Andrew Froehlich, President & Lead Network Architect, West Gate Networks

July 28, 2017

4 Min Read
Image: Pixabay/wokandapix

Having an IT strategy that is fully aligned with business goals is a differentiator that can lead to competitive advantages. Unfortunately, as those of you who have been involved in IT road mapping understand, it is too easy to get off track. The difficult part, is trying to identify exactly what sent you down the wrong path so it can be corrected.

When an IT project initially kicks off, there is a clear path to reach the technical goal -- and an even clearer vision on how the technology will positively impact the business. Yet somewhere along the line, things go awry and you end up with a technology that no longer aligns with the business.

Today, we're going to look at four potential signs showing where your strategy went off the tracks while chasing some of the latest technology trends.
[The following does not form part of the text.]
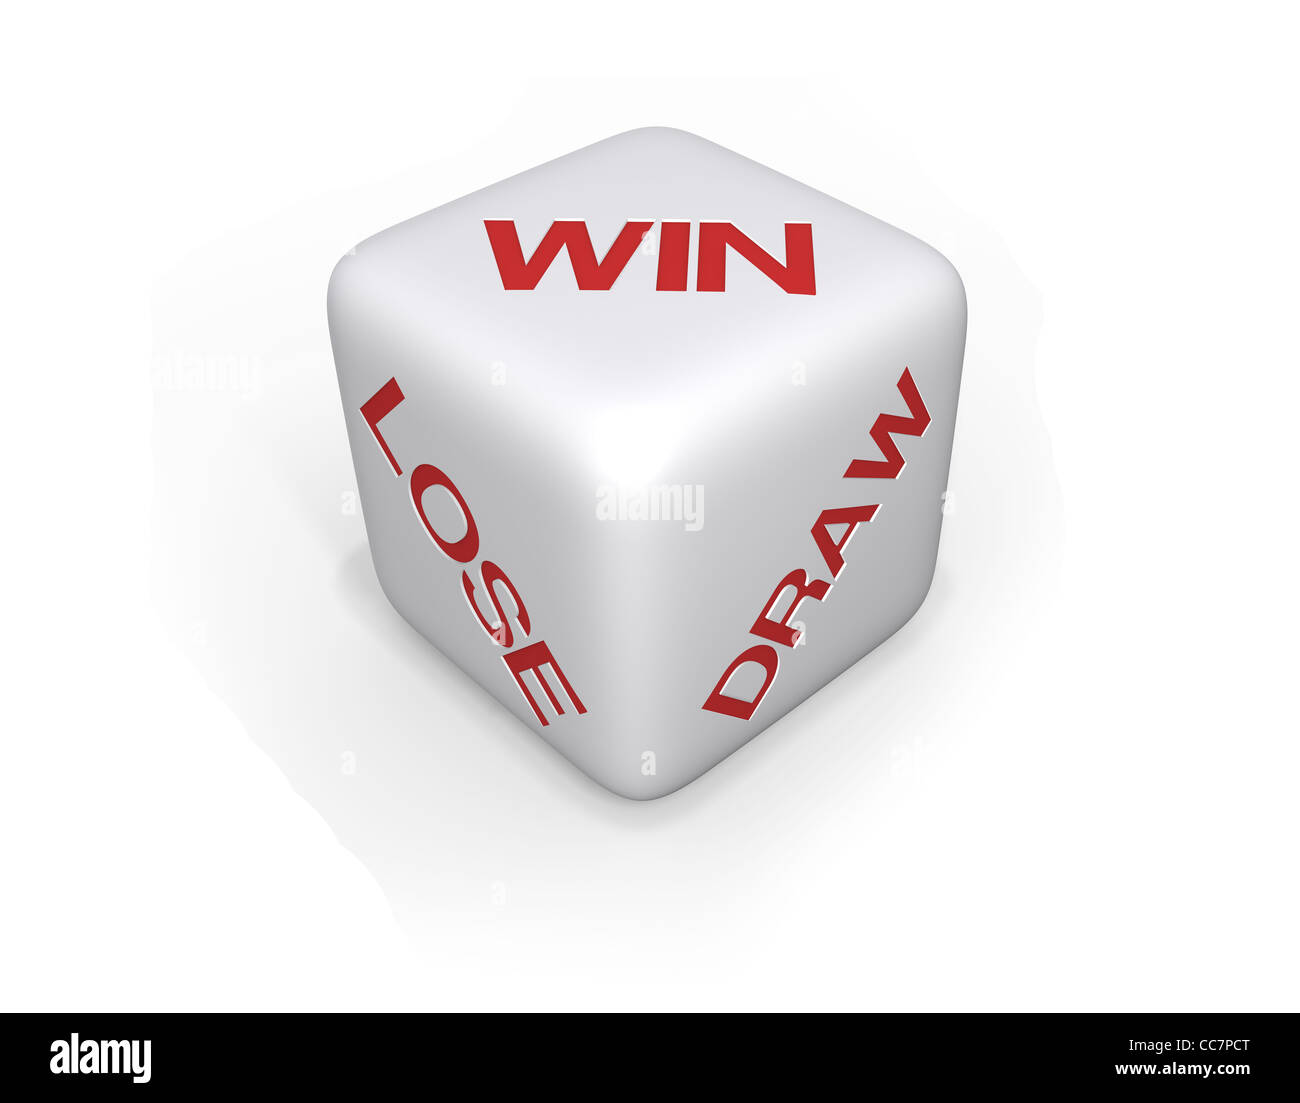 White dice with win, lose and draw in red text on a white background Stock Photo

If, by chance, you read this and can relate to one or more scenarios, it may be a sign that it’s time to reassess and rework projects so they properly align with business goals.
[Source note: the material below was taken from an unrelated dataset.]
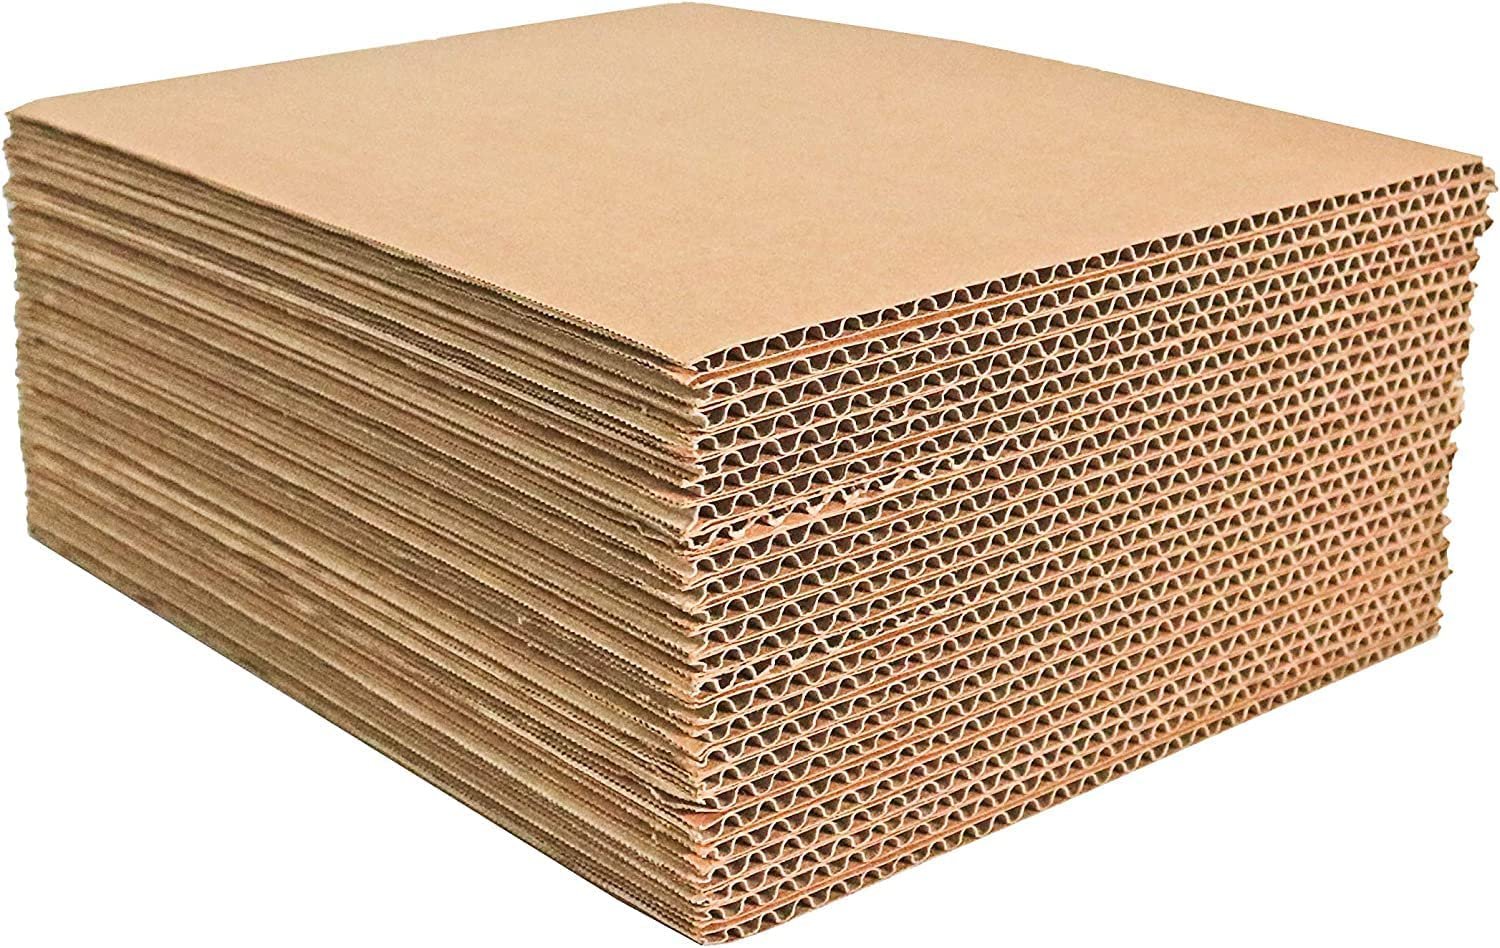 50-Pack of Corrugated Cardboard Sheets 9x12, Flat Card Boards, Packaging  Inserts for Shipping, Mailing, Arts and Crafts, DIY Projects, Packing

1. Emerging technologies aren't as emerging as you thought. One of the more challenging aspects of IT is wading through all the new and emerging technologies to find the ones that hold the most promise as it relates to your company’s unique business goals. Yet, despite your seeing promise in emerging technologies that can solve specific organization challenges, they often prove that they aren’t as ready for prime time as you first thought. There are many recent examples of this where technology was hyped, but adoption rates ended up being lower than expected because the technology wasn’t fully baked. Big Data, SDN and IoT are three examples where the concepts were sound, yet the technology and tools may not have been as ready as you were.
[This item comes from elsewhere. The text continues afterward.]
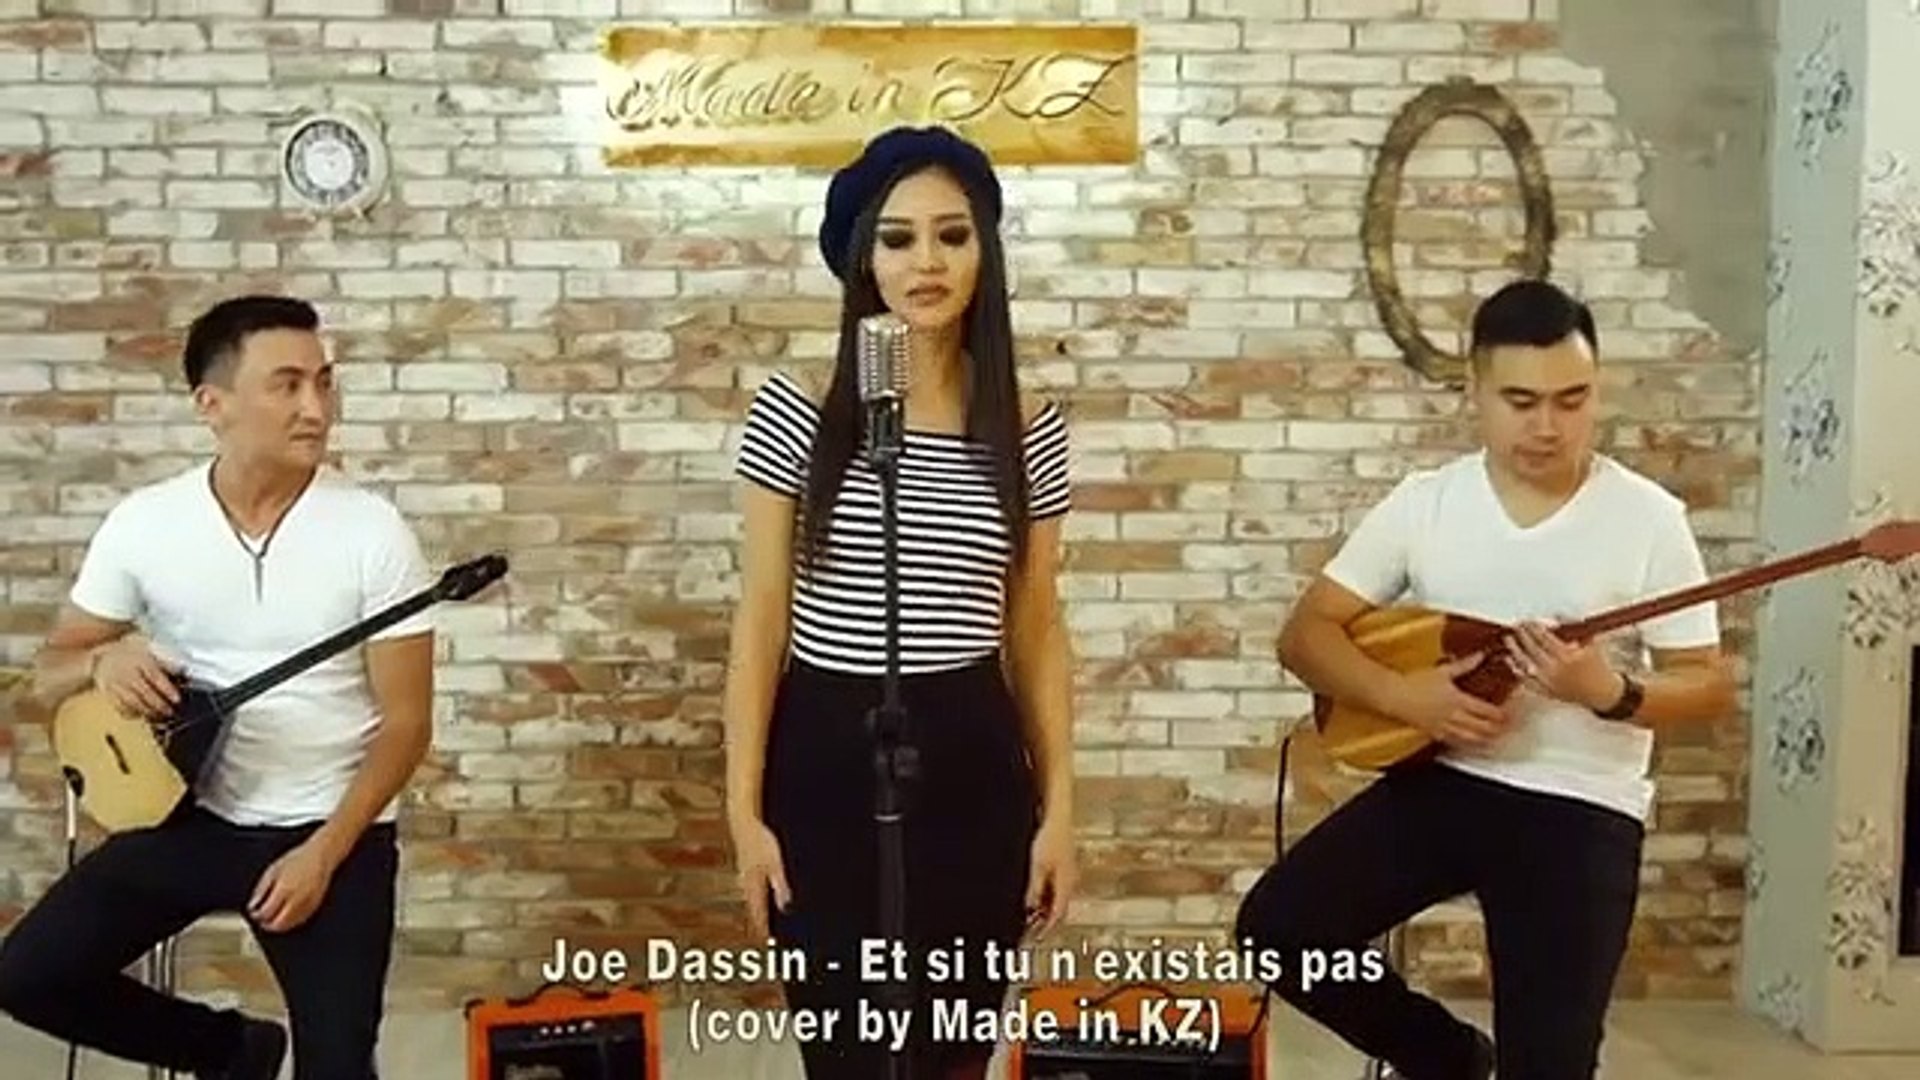 Joe Dassin - Et si tu n'existais pas (dombyra cover by Made in KZ) - video  Dailymotion

In cases such as these, it’s important for IT architects and projects managers to be in constant communications to make sure that the goals originally outlined in the project remain feasible throughout the development and rollout of the technology. And if the end-product is expected to fall woefully short of original expectations, this might be a project that’s better off being shelved until the technology can mature.

2. Adopted the wrong development or deployment strategy. There are also situations where the technology is ready for production use, yet the blueprint to develop and/or deploy the technology is less than ideal. Signs of this include unanticipated costs, a lack of technical expertise and no true strategy when it comes to ongoing maintenance and support. In many situations, problems arise when you underestimate the capabilities of the in-house IT infrastructure, as well as the strengths of IT staff. If you’re facing any of these challenges while attempting to deploy a project in-house, it may be a sign that you need to engage with a third-party provider who can assist. This decision may end up pushing budgets upward, but it’s better than letting an important technological component of the business fail completely.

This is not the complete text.